🤖 AI Summary
Traditional “maximum tolerated dose” paradigms fail in dose optimization for novel anticancer agents (e.g., targeted therapies, immunotherapies). To address this, we propose U-DESPE—a Bayesian framework integrating pharmacokinetic, safety, pharmacodynamic, and efficacy data into an exposure–effect nonlinear mixed-effects model. Crucially, U-DESPE introduces a utility function to jointly optimize multiple endpoints via weighted trade-offs, enabling precise identification of optimal dose–regimen combinations. It supports flexible dose-escalation and confirmation cohort designs, overcoming the limitations of toxicity-centric approaches. In real-world trial applications and extensive simulation studies, U-DESPE demonstrates superior operating characteristics—enhancing the scientific rigor, robustness, and personalization of dose-selection decisions in early-phase oncology trials.
📝 Abstract
With the development of novel therapies such as molecularly targeted agents and immunotherapy, the maximum tolerated dose paradigm that "more is better" does not necessarily hold anymore.
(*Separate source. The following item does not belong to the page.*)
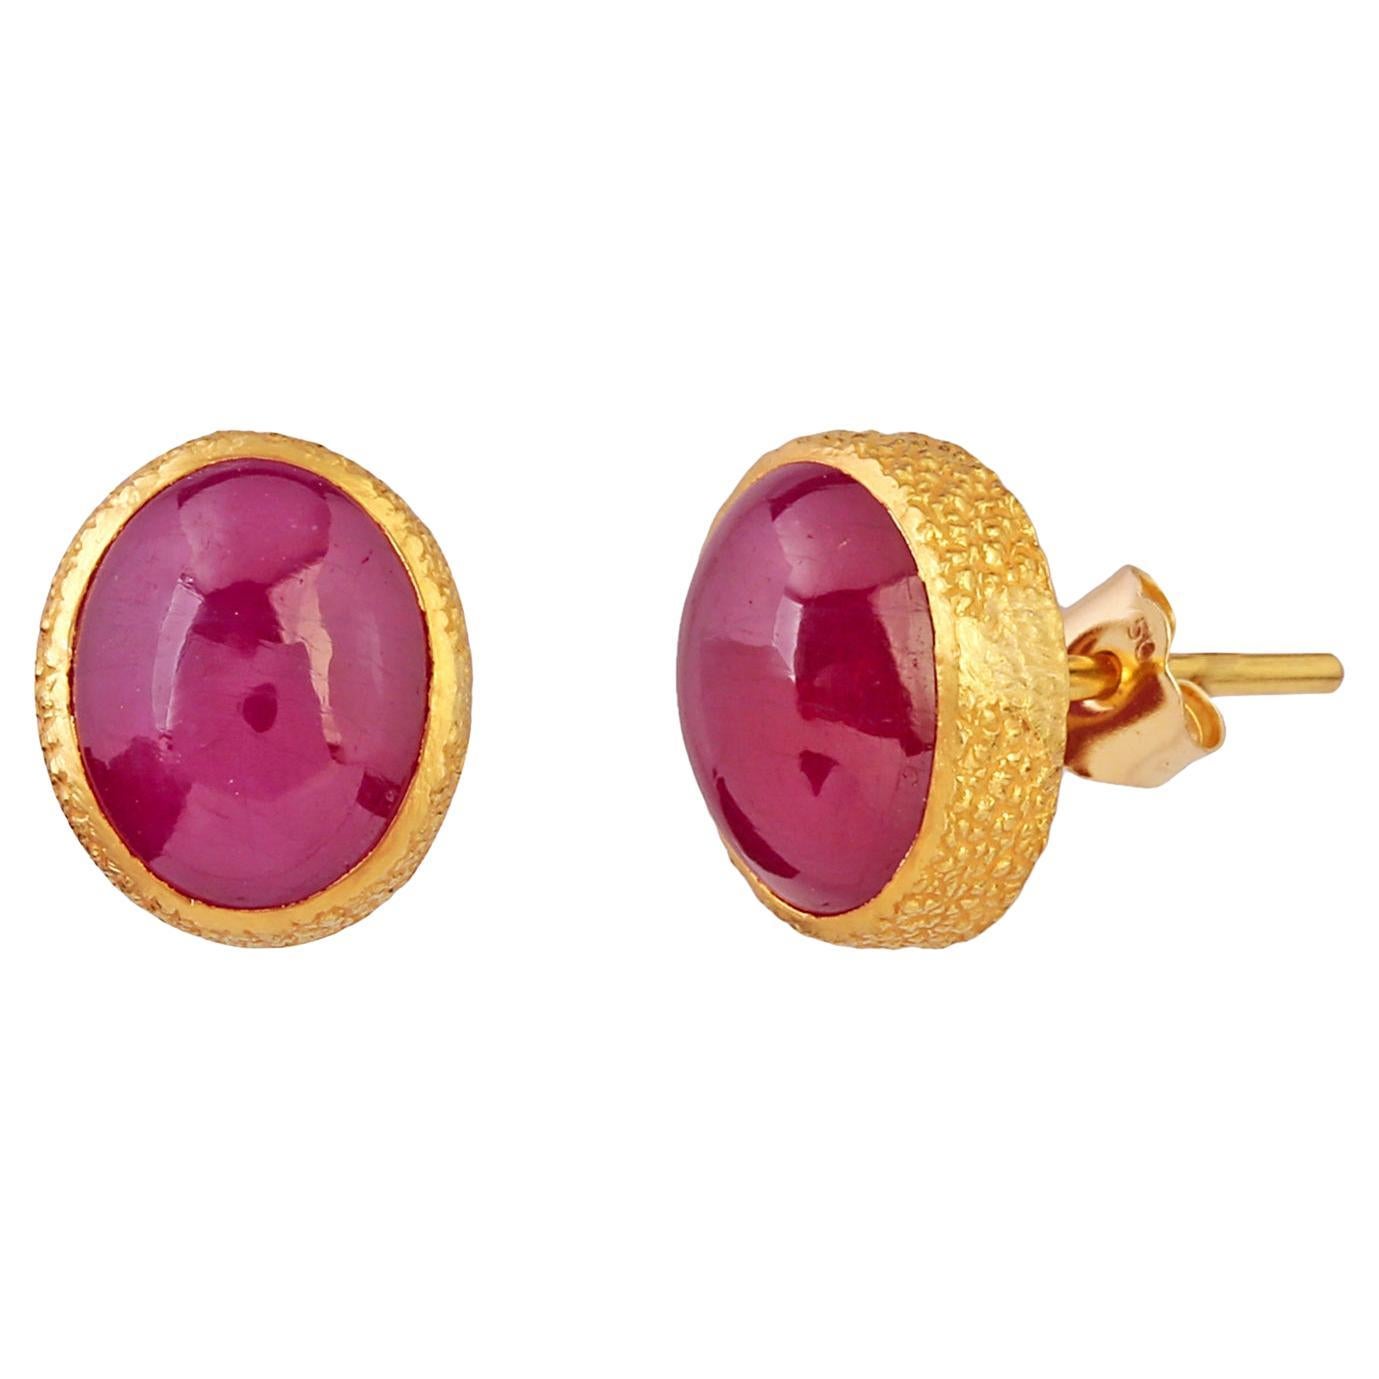 Ruby Stud Earrings with 18k Gold

In this context, doses and schedules of novel therapies may be inadequately characterized and oncology drug dose-finding approaches should be revised. This is increasingly recognized by health authorities, notably through the Optimus project. We developed a Bayesian dose-finding design, called U-DESPE, which allows to either determine the optimal dosing regimen at the end of the dose-escalation phase, or use of dedicated cohorts for randomizing patients to candidate optimal dosing regimens after that safe dosing regimens have been found. U-DESPE design relies on a dose-exposure model built from pharmacokinetic data using non-linear mixed-effect modeling approaches. Then three models are built to assess the relationships between exposure and the probability of selected relevant endpoints on safety, efficacy, and pharmacodynamics. These models are then combined to predict the different endpoints for every candidate dosing regimens. Finally, a utility function is proposed to quantify the trade-off between these endpoints and to determine the optimal dosing regimen. We applied the proposed method on a clinical trial case study and performed an extensive simulation study to evaluate the operating characteristics of the method.